Start of Dataset extract

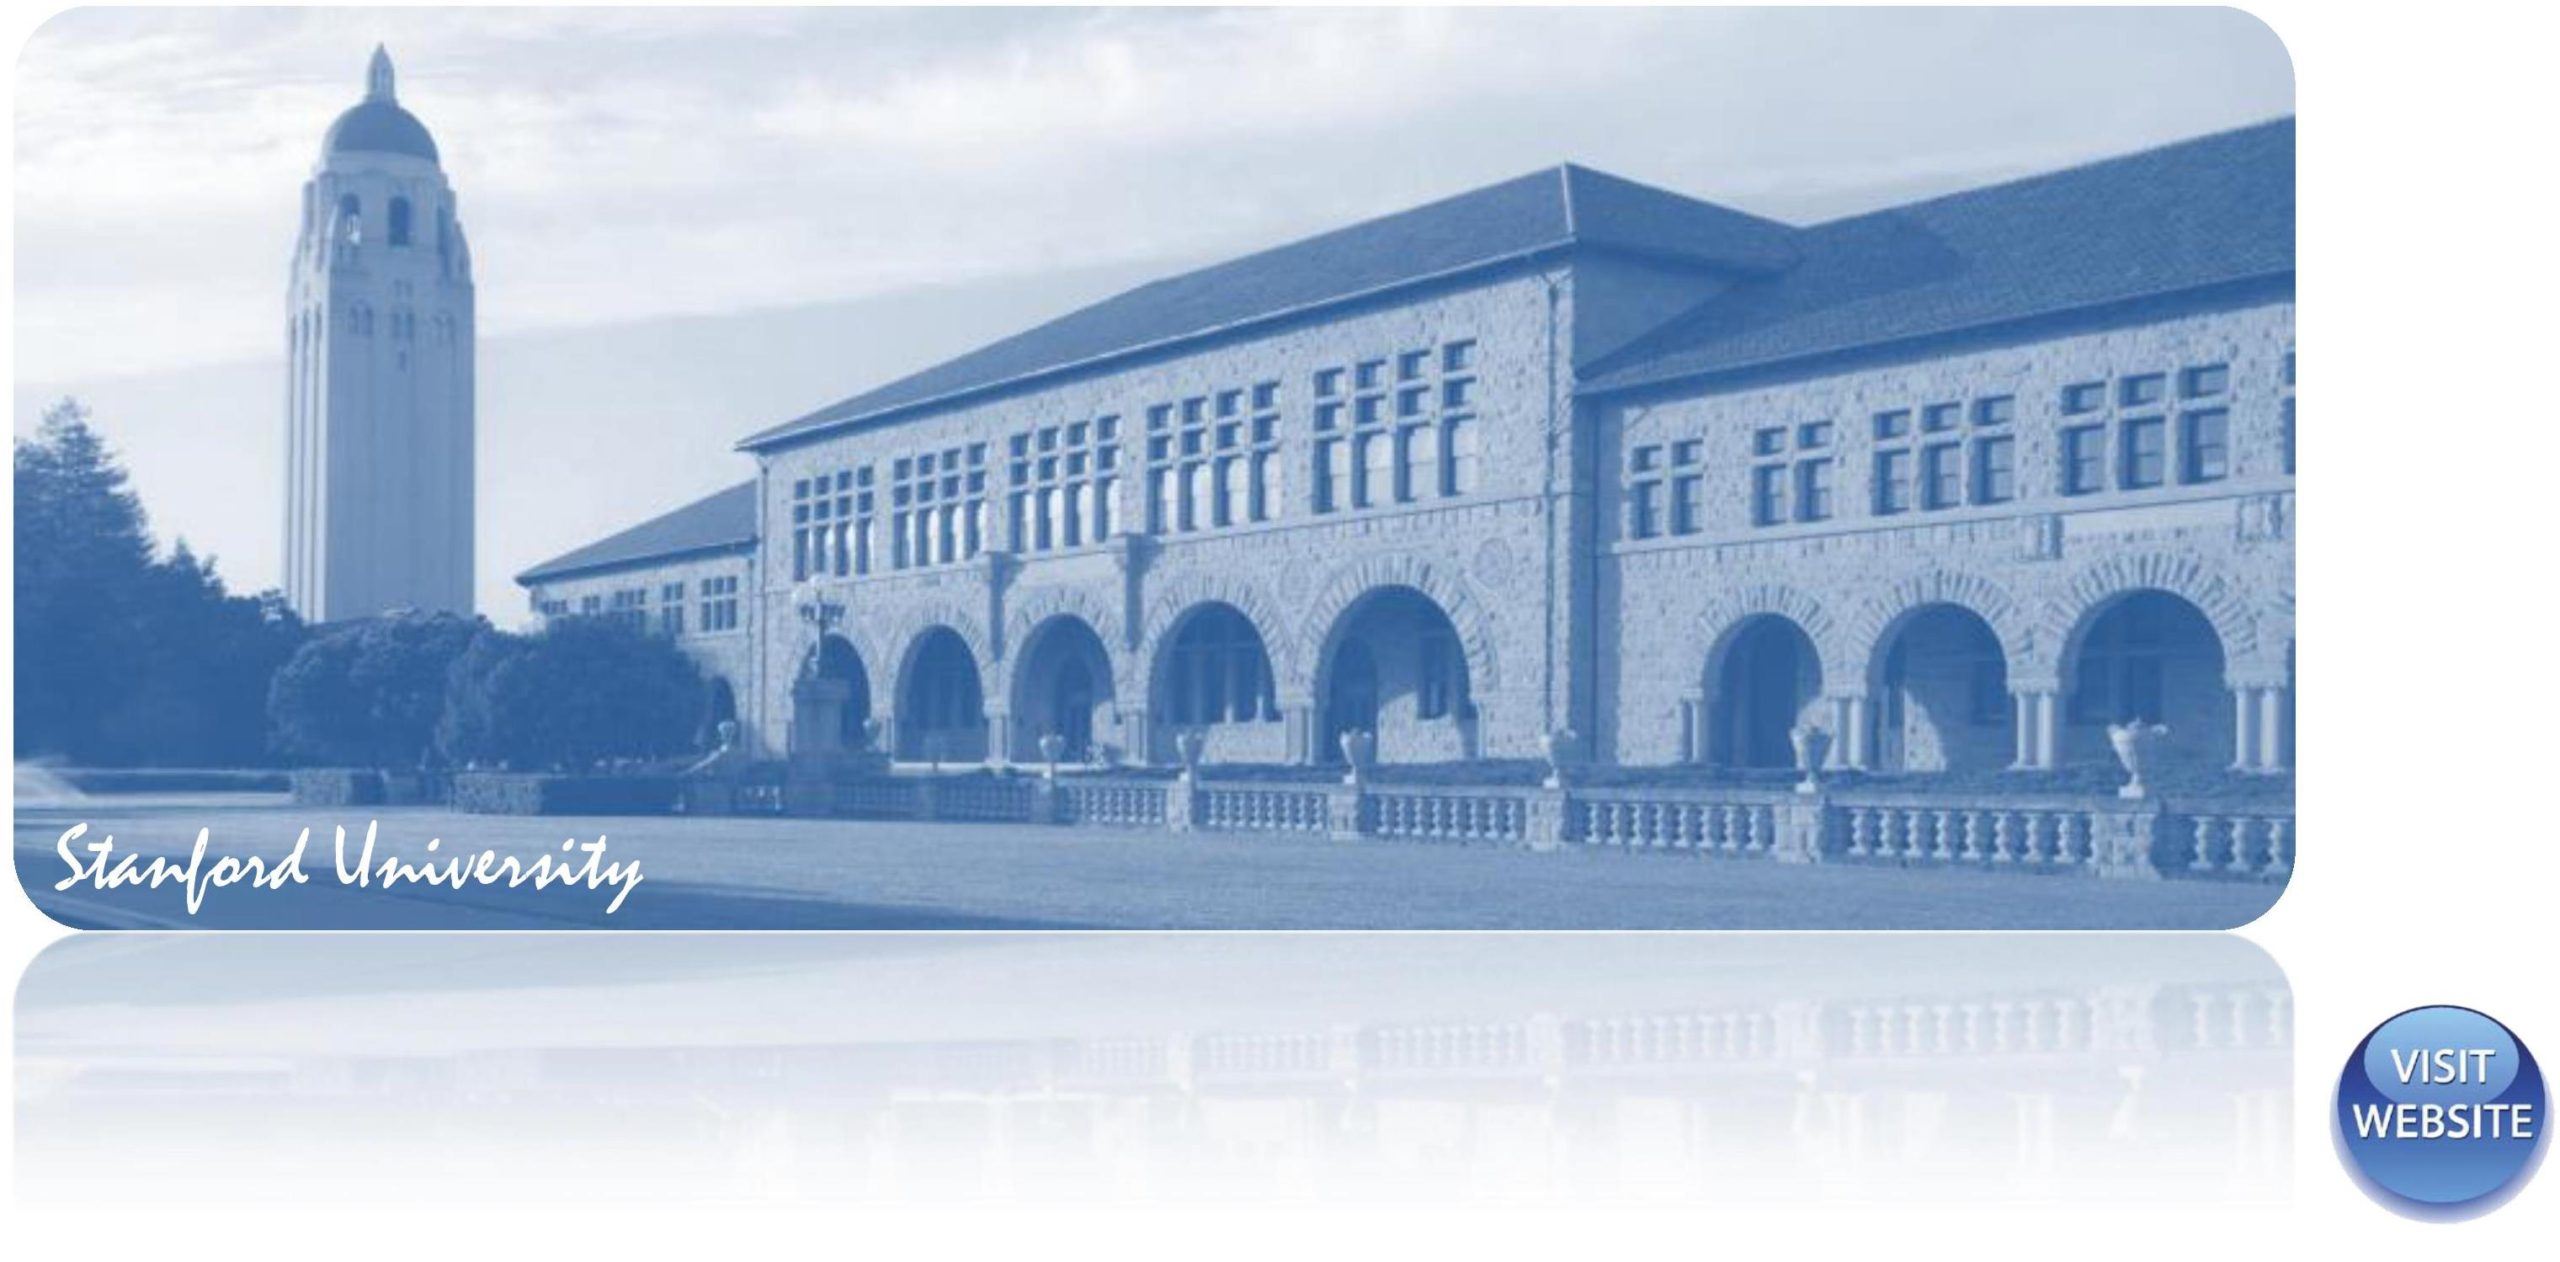 Stanford University USA
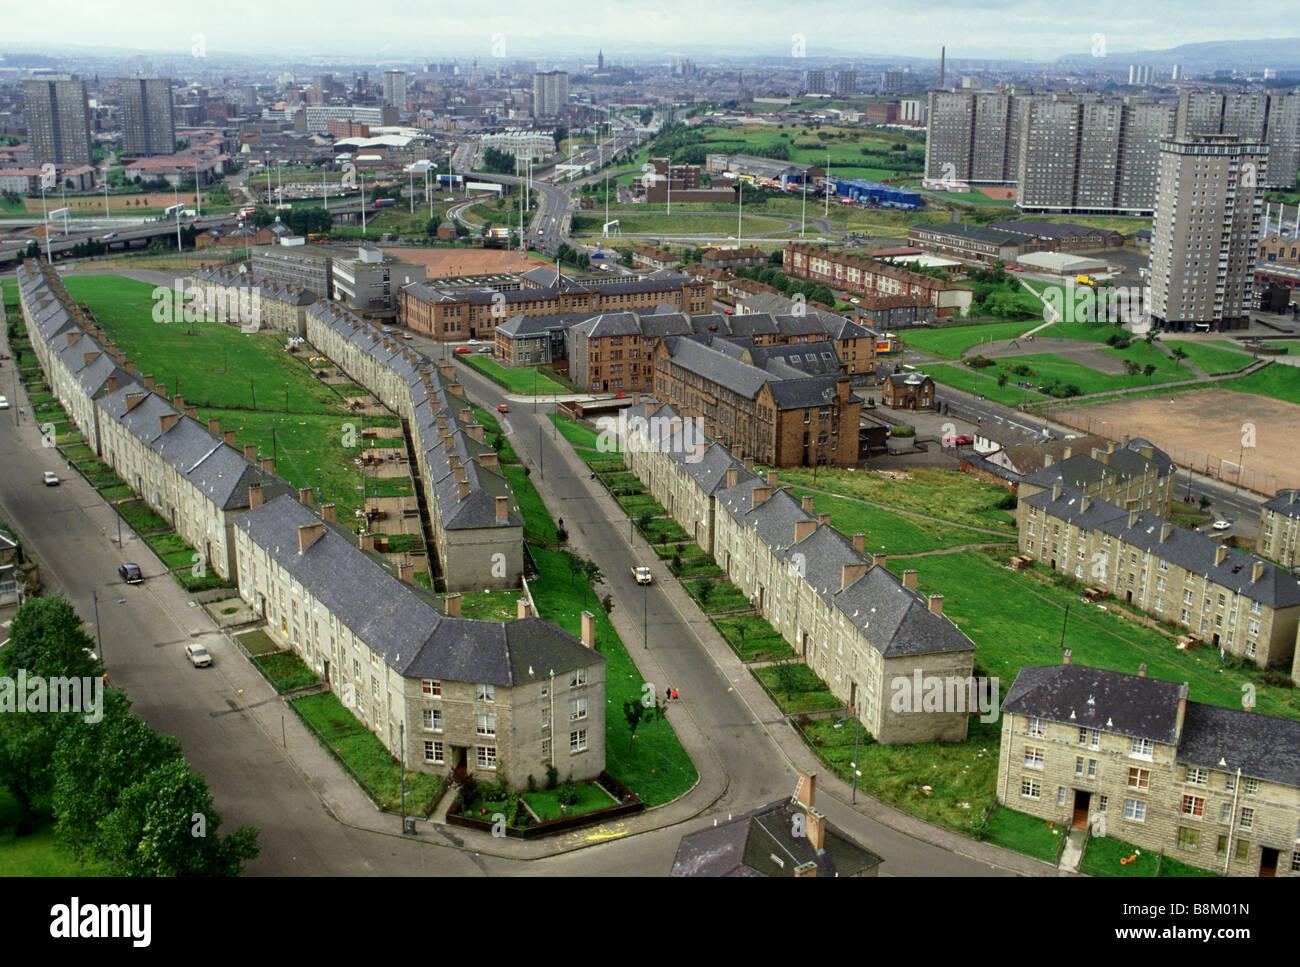 Edinburgh Scotland An aerial view of housing estates in ...
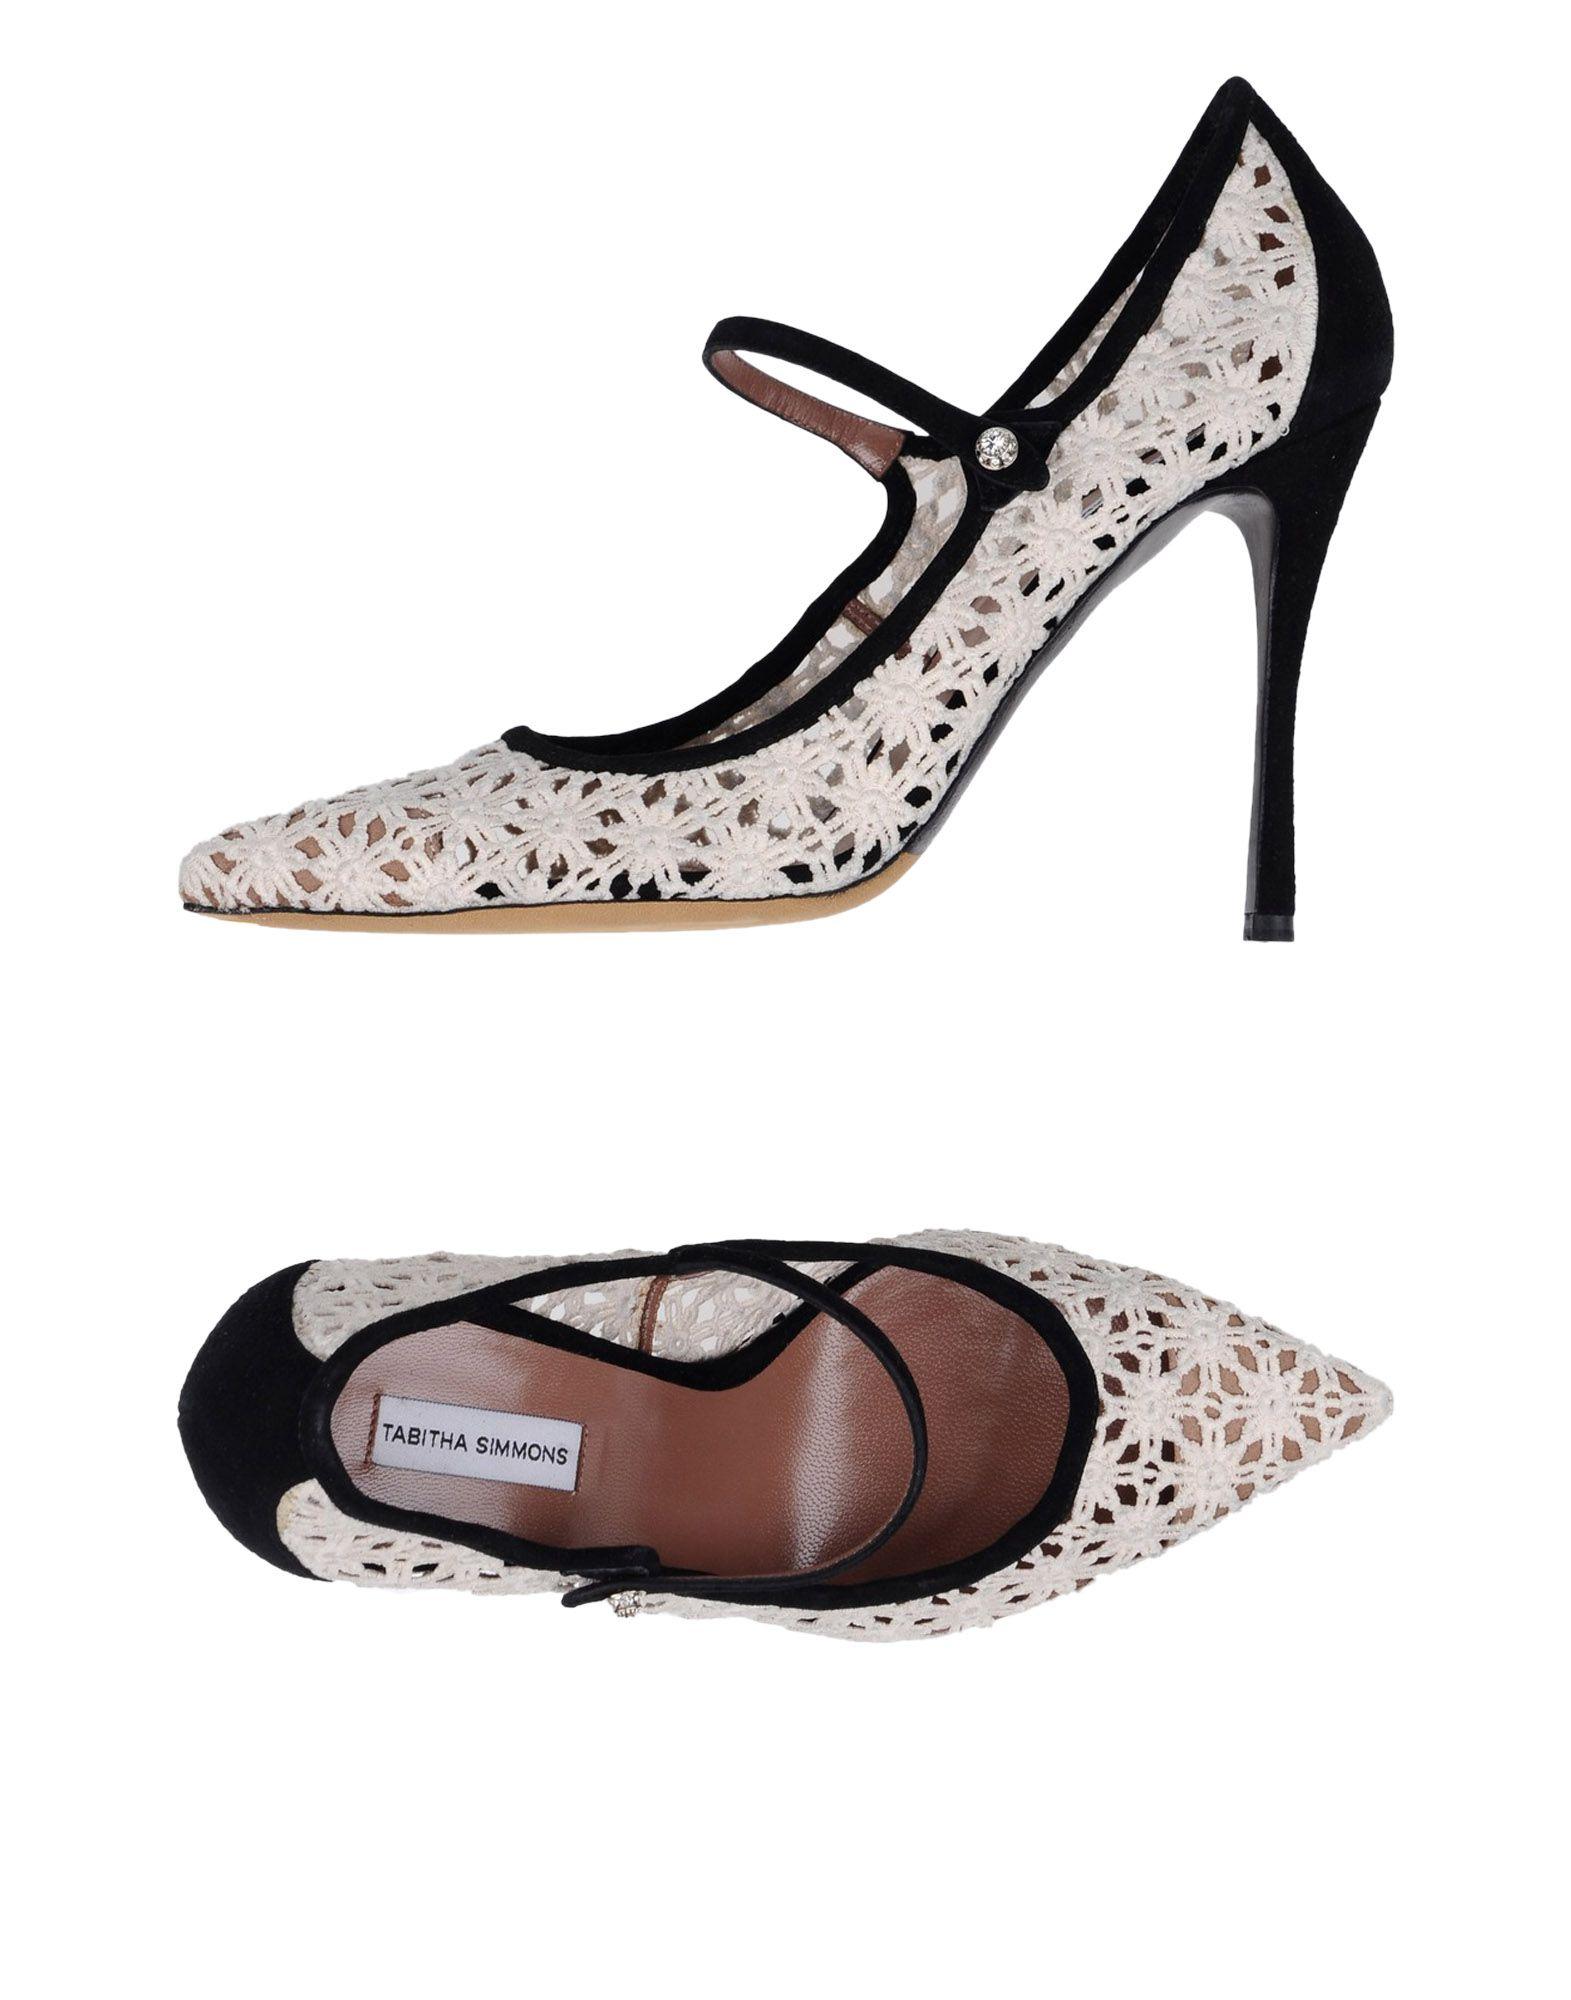 Tabitha Tabitha Tabitha Simmons Pumps Damen  11347371JV Beliebte Schuhe f1ec72
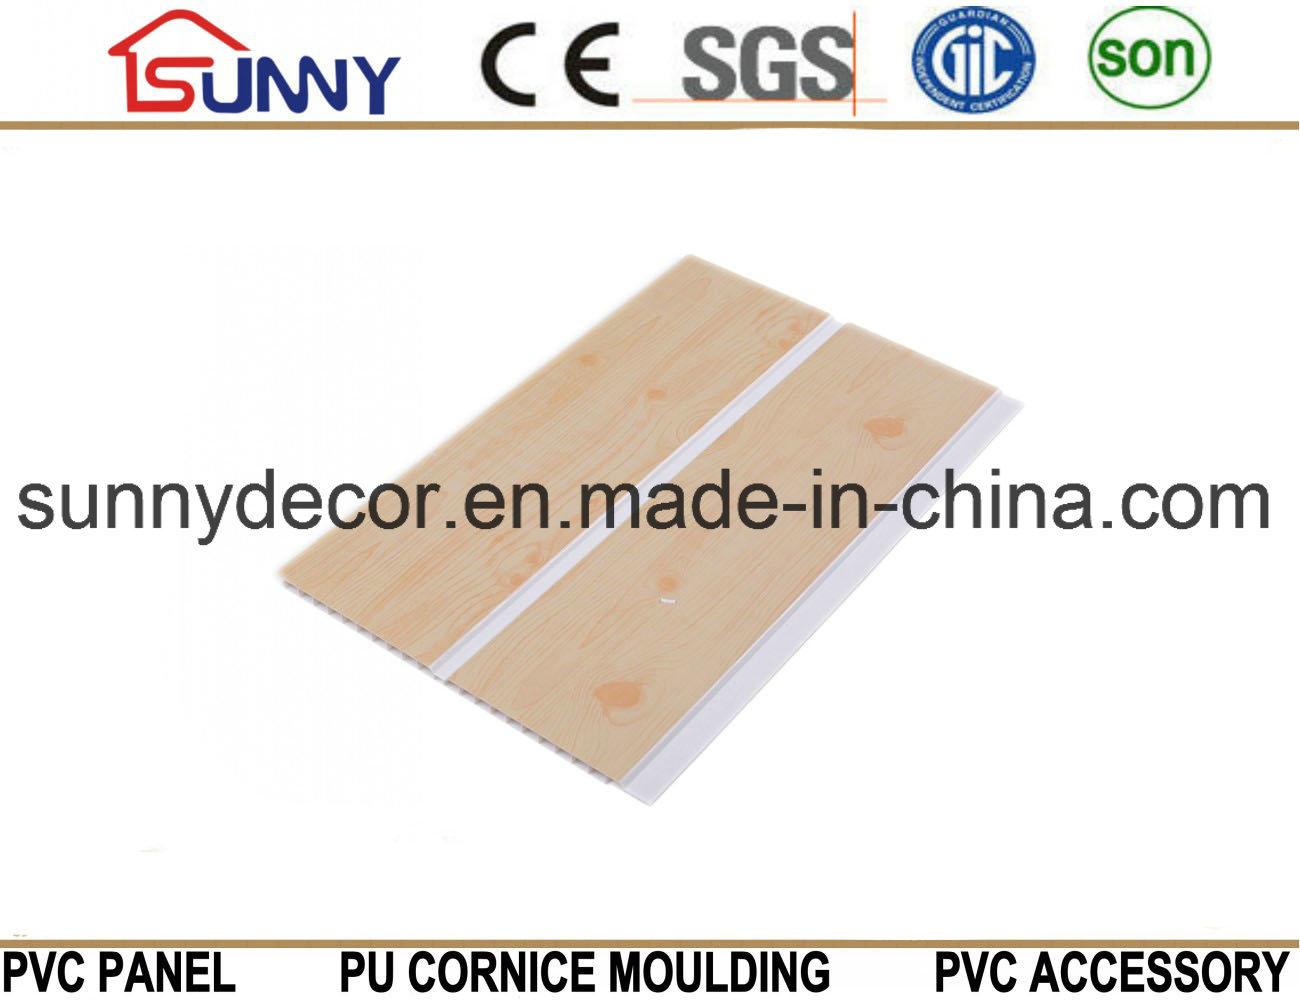 Wooden Design PVC Ceiling Panel PVC Wall Panel Plastic Panel Cielo Raso De PVC

End of Dataset extract

Requirement:
Reproduce nothing but the lines from the line containing "Edinburgh Scotland An" through the last line of the data above, exactly as written and without pictures.

Answer space:
 Edinburgh Scotland An aerial view of housing estates in ...
 Tabitha Tabitha Tabitha Simmons Pumps Damen  11347371JV Beliebte Schuhe f1ec72
 Wooden Design PVC Ceiling Panel PVC Wall Panel Plastic Panel Cielo Raso De PVC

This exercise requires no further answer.